With so many people still hurting in the bad economy, it’s important not to be pretentious when throwing an office party or in providing gifts to clients. The efforts of employees should be acknowledged, and camaraderie built through a office holiday party, but wouldn’t it be more productive to do this throughout the year, and not just in December?

Roger Saunders
Guest
10 years 4 months ago

Max has the right handle on this topic. Business is simple:

1. Show up on time
2. Do what you say you’ll do
3. Finish what you start
4. Say ‘Please and Thank You’

The holidays provide organizations with a an occasion for all associates to bond, reinforce shared beliefs and trust in each other, and let each other know their genuine appreciation and trust in each other.

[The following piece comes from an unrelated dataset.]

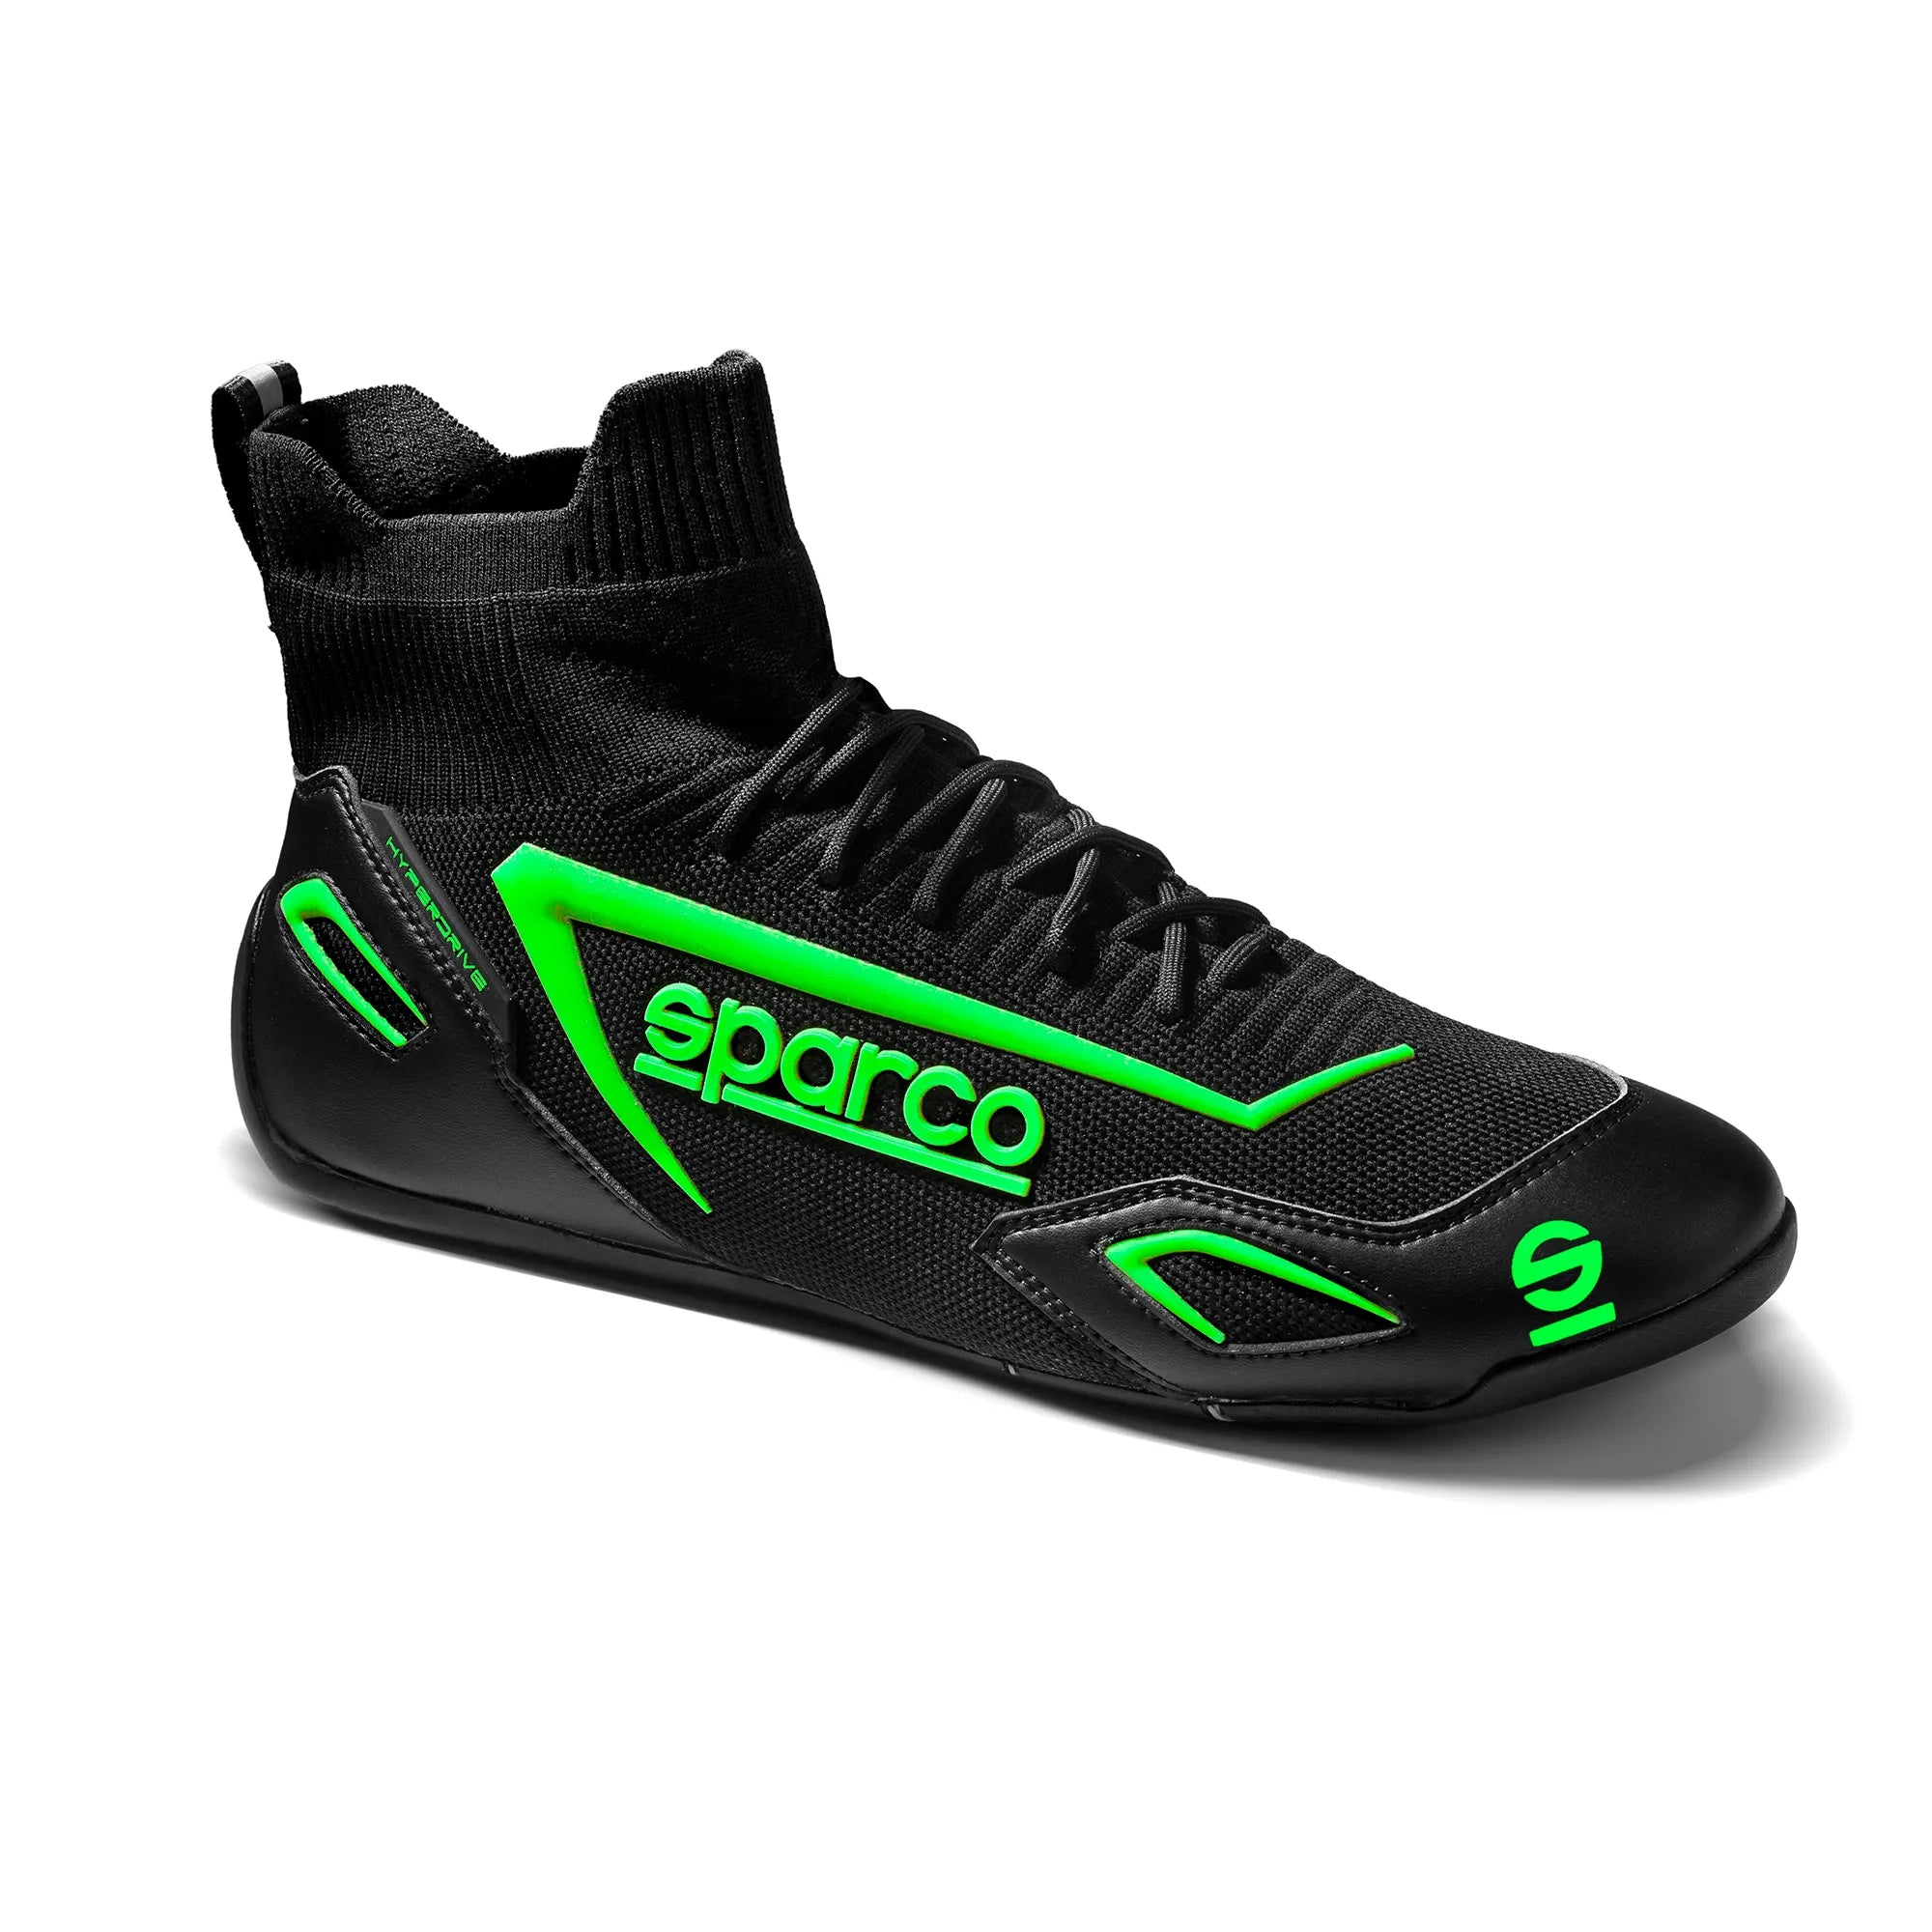 SPARCO 00129342NRVF Gaming sim racing shoes HYPERDRIVE, black/green, size 42 Photo-1

Those are practices that should be plainly evident throughout the year. Sometimes it takes a holiday event, not necessarily in an extravagant manner, to give everyone an opportunity to reconnect with some very basic principles that tie us together.

There is a Dickens’ “Fezziwig” character in every organization. Bring them out, as they bring out the joy for just about everyone.

Ron Margulis
Guest
10 years 4 months ago

Being more or less a one-man shop, I’ve taken to throwing a party for my friends in the media. They are the ones I work with day-in and day-out to get my client’s messages to their audiences. As for holiday gifts to clients, I used to send them, but last year sent a contribution in their names to Food For All (http://www.foodforall.org), and will do the same thing this year.

David Zahn
Guest
10 years 4 months ago

I agree that the holidays are not the exclusive time to show appreciation to clients, colleagues, or suppliers. However, it has become the time when thoughts turn to gift-giving and parties and it formed a very interesting “give and take” when the article first appeared from readers/subscribers intent on voicing their perspectives on the appropriateness, targets, and size of parties, gifts, and the intention of the effort.

Thanks for sharing your insights and point of view about the topic. Always engaging to listen and learn from those on retailwire.com. Have a happy holiday!

Christopher P. Ramey
Guest
10 years 4 months ago

Lest we not forget that we have much for which we should be grateful. The holidays are a time to demonstrate that gratitude. Having an annual holiday event shows compassion for employees, provides hope for the future and creates a team building event.

I’m not a fan of overblown parties; they died years ago. However, companies should demonstrate their wherewithal by continuing with their holiday party tradition.